━━━ PROVIDED ENTRIES
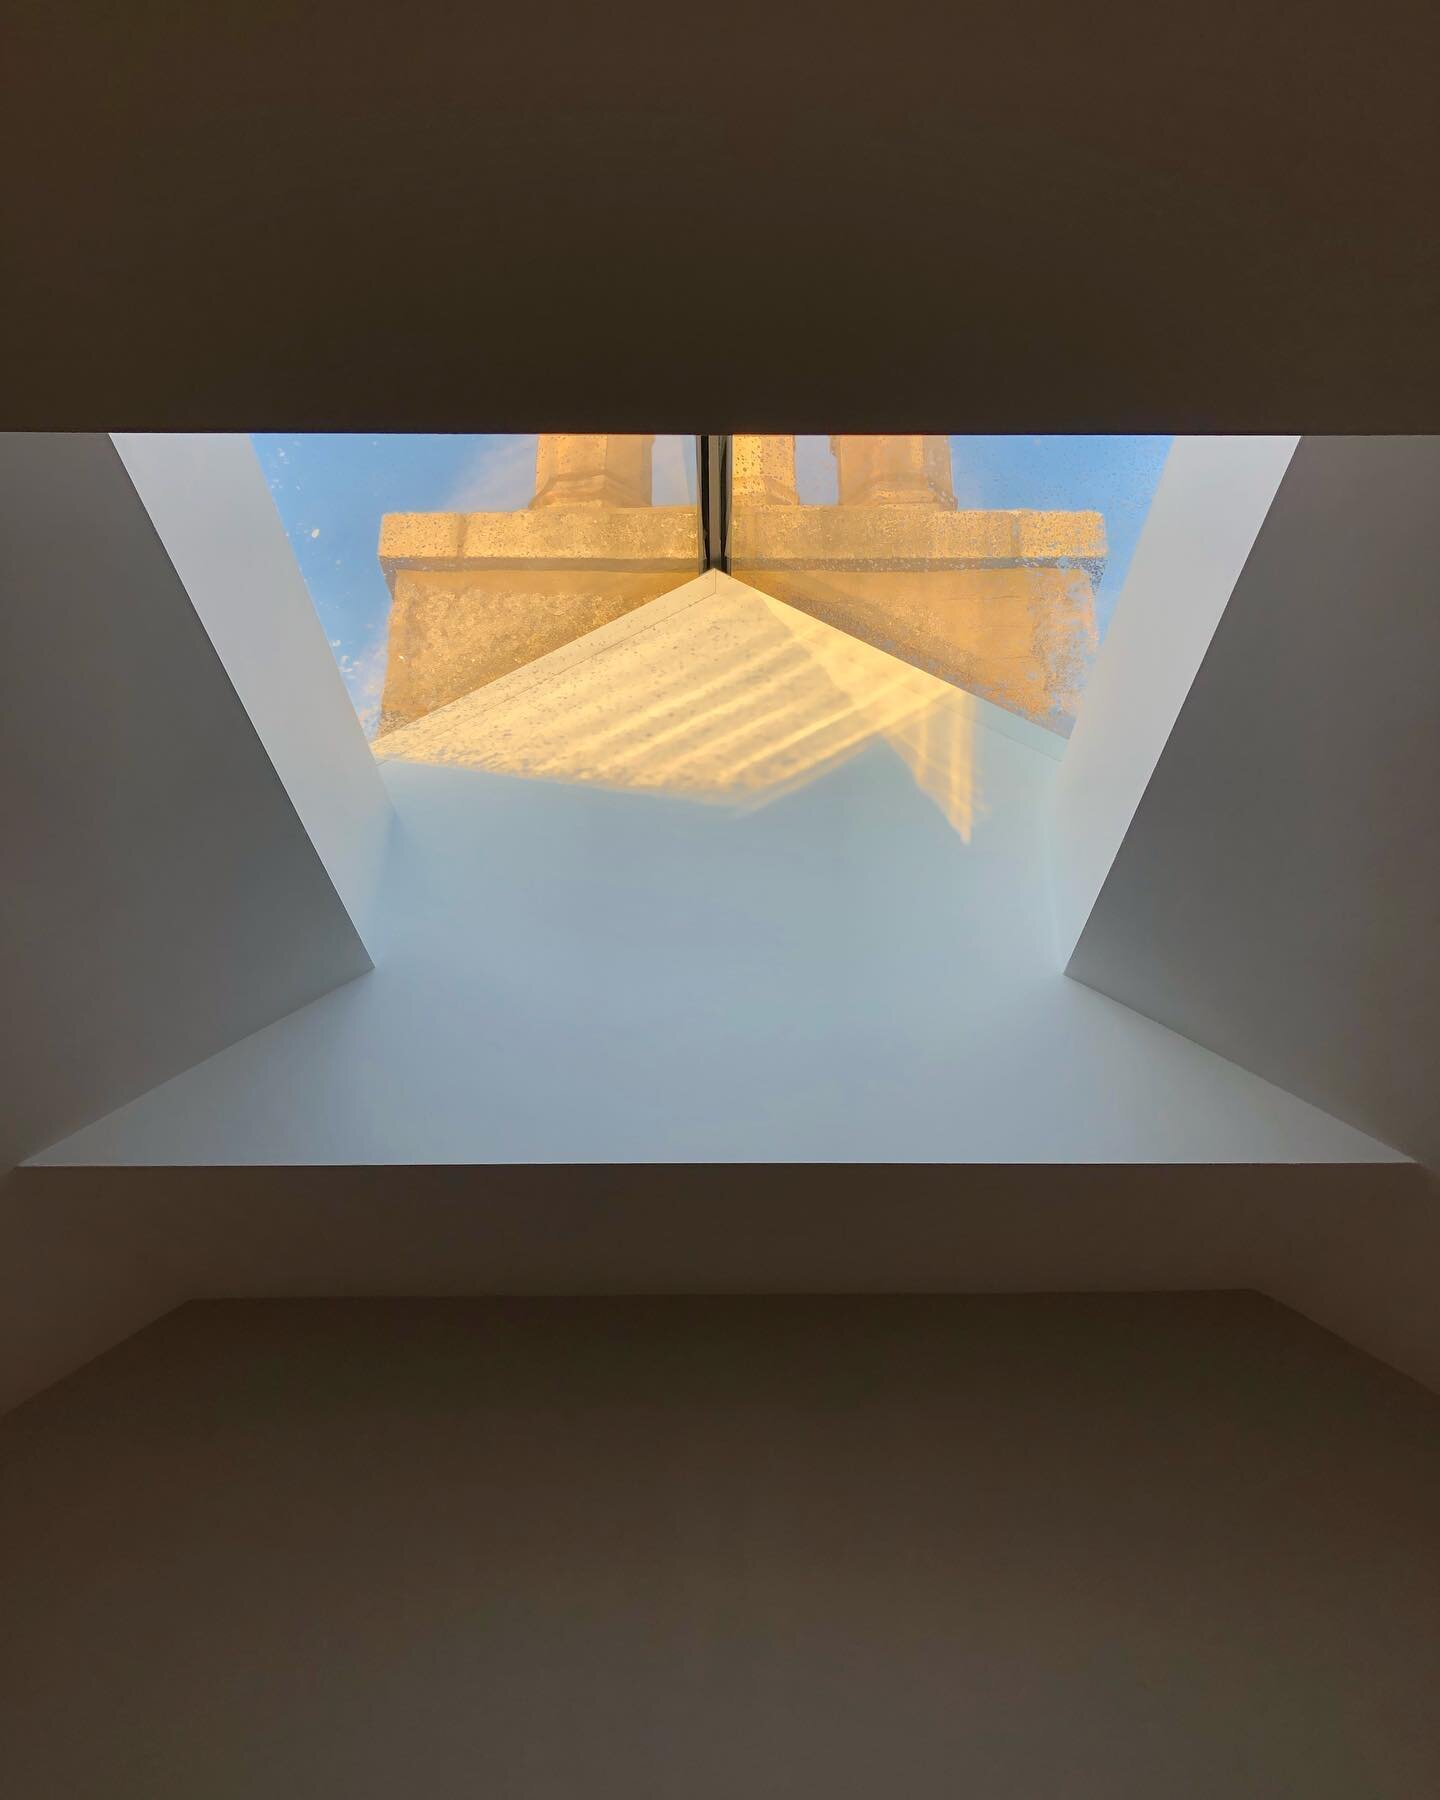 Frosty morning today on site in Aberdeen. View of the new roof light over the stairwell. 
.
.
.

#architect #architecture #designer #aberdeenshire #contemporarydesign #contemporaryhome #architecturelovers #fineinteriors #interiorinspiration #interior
━━━━━━
WORK REQUEST: Images are not part of the copy. Everything else in the records must be reproduced exactly.

RESPONSE TO THIS TASK:
 Frosty morning today on site in Aberdeen. View of the new roof light over the stairwell. 
.
.
.

#architect #architecture #designer #aberdeenshire #contemporarydesign #contemporaryhome #architecturelovers #fineinteriors #interiorinspiration #interior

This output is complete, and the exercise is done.